An outfit that I could never have afforded back on Earth. An outfit that could never have existed back on Earth, not without a huge amount of time and custom tailoring.
I blinked the tears out of my eyes and steadied my breathing. I would be grateful, I decided, and the way the mood spread within me made me sure it was the truest of my many emotions.
Mostly dressed, I tended to the accessories. The earrings hung on a clever little holder shaped like an ear and, when I pressed them to my skin, painlessly melded in rather than needing a piercing. The thin not-exactly-anklets went just above my ankles, where the boots ended, and when I touched their ends together they fused into seamless bands, glinting just a little and hugging the boots to my legs.
The hairpins, and the hair clip, were… a challenge.
I tackled my hair itself first. I’d gotten into the habit of just running a hairbrush through my hair in the mornings. A magical, enchanted hairbrush that stripped all the dirt out along with perfectly fixing the tangles, of course, this being Shem, but the hairpins had come with some vague, stylized iconography of a hairstyle.
It took me a bit to get it right. Not that long, but it was a more involved style than I usually went for. It reminded me somewhat vaguely of a crown braid, if you did a single-strand twist instead of a braid—it still kept the hair out of my face, at least, and the first pin went in where the two twists met. The clip went where my usually-rowdy lock was, taming it and giving an asymmetry that pleased the eye, and the other pins went into the tail to keep it off my shoulders and give it some lift.
I didn’t actually understand the mechanics of it, but I could see the results. It turned what was usually hair that didn’t go past nice into something stunning, dark against the colors of the pins and clip and flowing nicely when I moved instead of just flopping around.
I frowned, turning my head again, staring at the mirrored wall. The colors changed as I did so, shifting from—ah. Seen without the almost diaphanous outer, floating layers of my clothes, the colors of the rest of my outfit were rich and bold. Seen through that translucency, they were gentled, mostly into pastel blues and pinks past the white of the outer layers.

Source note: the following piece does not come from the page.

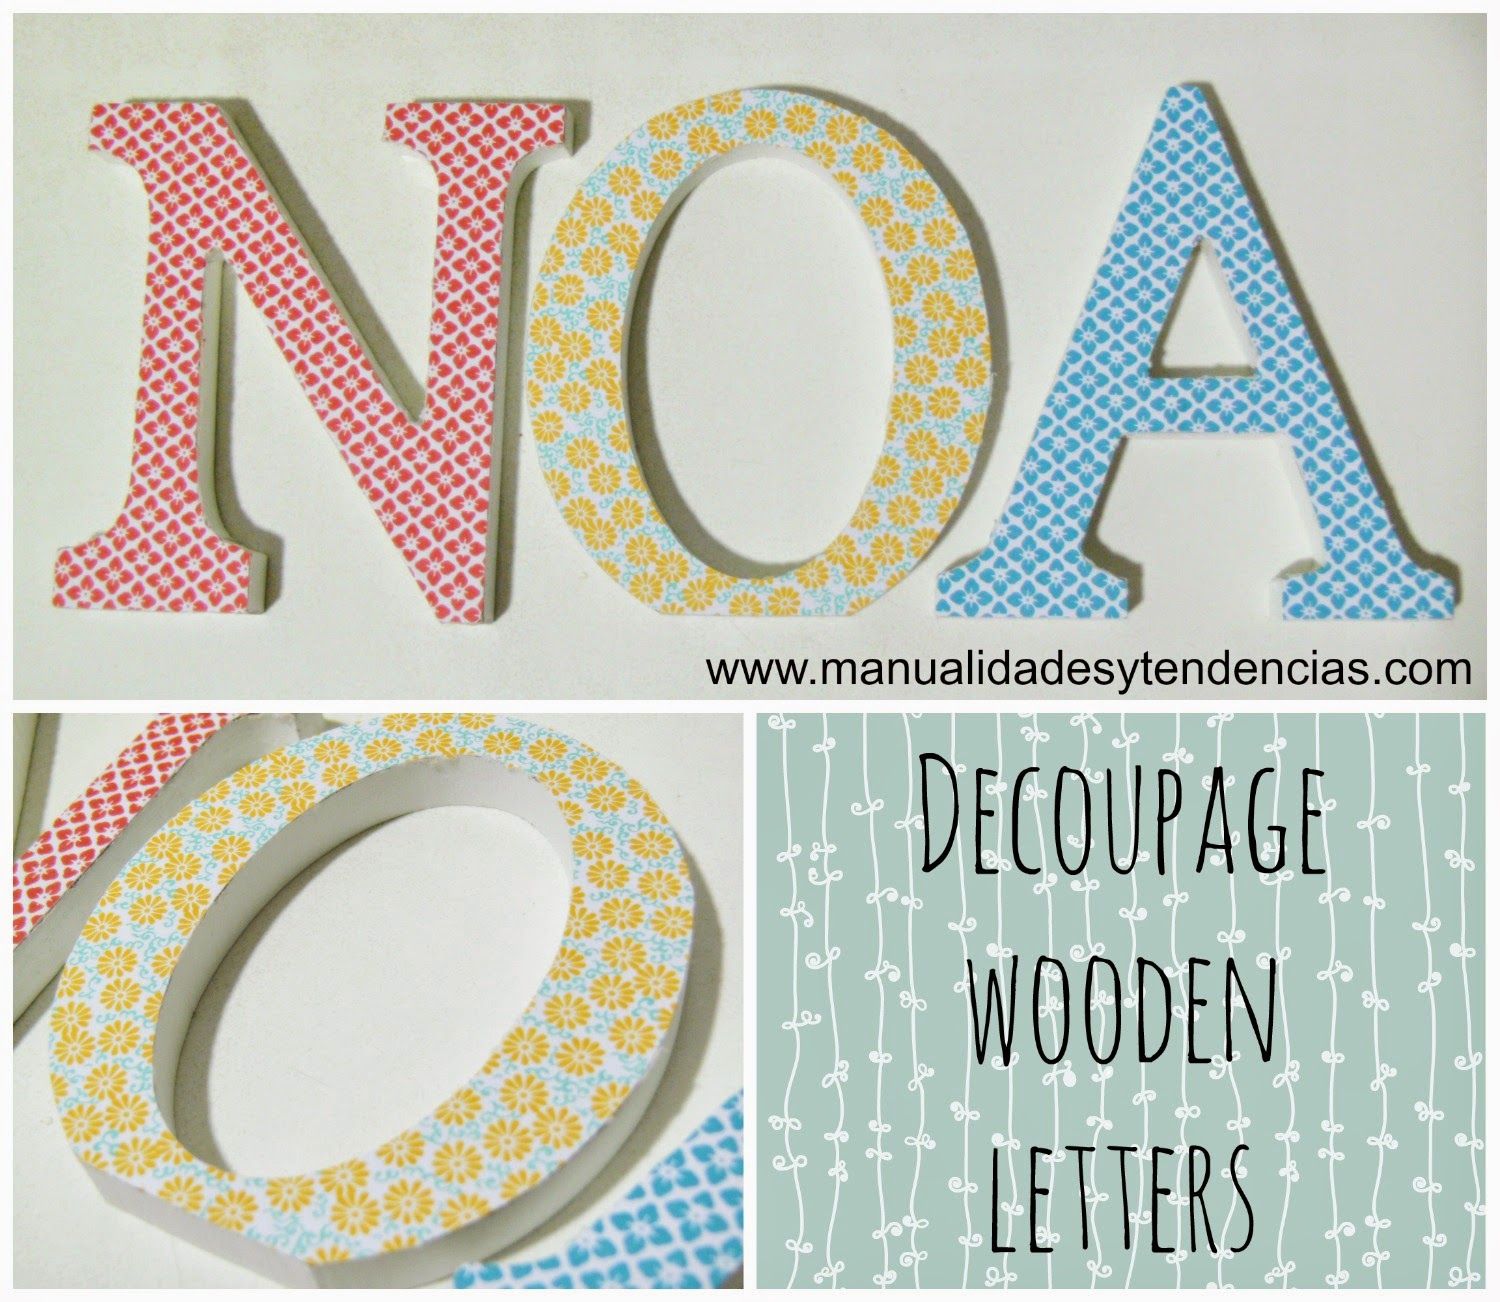 decoupage wooden letters tutorial

The clip and pins, then, were just mirroring that. Seen from one angle, they were deep reds, pinks, blues, and purples—seen from another, they were those same pastels.
The last piece was a pair of gloves, which I was surprised to feel join seamlessly with the bottom layer of my shirt once I pulled them on. They were… not exactly fingerless, I supposed. They were made out of absurdly fine whorls and meandering loops of cloth, weaving and ducking in and out from around each other to create intricate patterns from my wrists to the backs and palms of my hand. The patterns didn’t stop there, continuing somehow—without seeming as if there had been any transition—in a completely different fabric up through my first knuckles. It was barely visible even inches from my face while still giving a just-barely-noticeable opalescent shimmer at a full reach, and the sheer artistry of it threatened to make me start weeping.
I opened the door instead, feeling chills run up and down my body at every motion—from how good it felt or how absurd I felt, I didn’t know. Kelly was waiting for me when I stepped out of the room, and looking at her, I froze in mid-stride as all of my breath left me in a soft, unconscious sigh.
Gratifyingly, in a reaction that warmed me from my toes upwards even as my eyes went wide and my jaw went slack, she did exactly the same.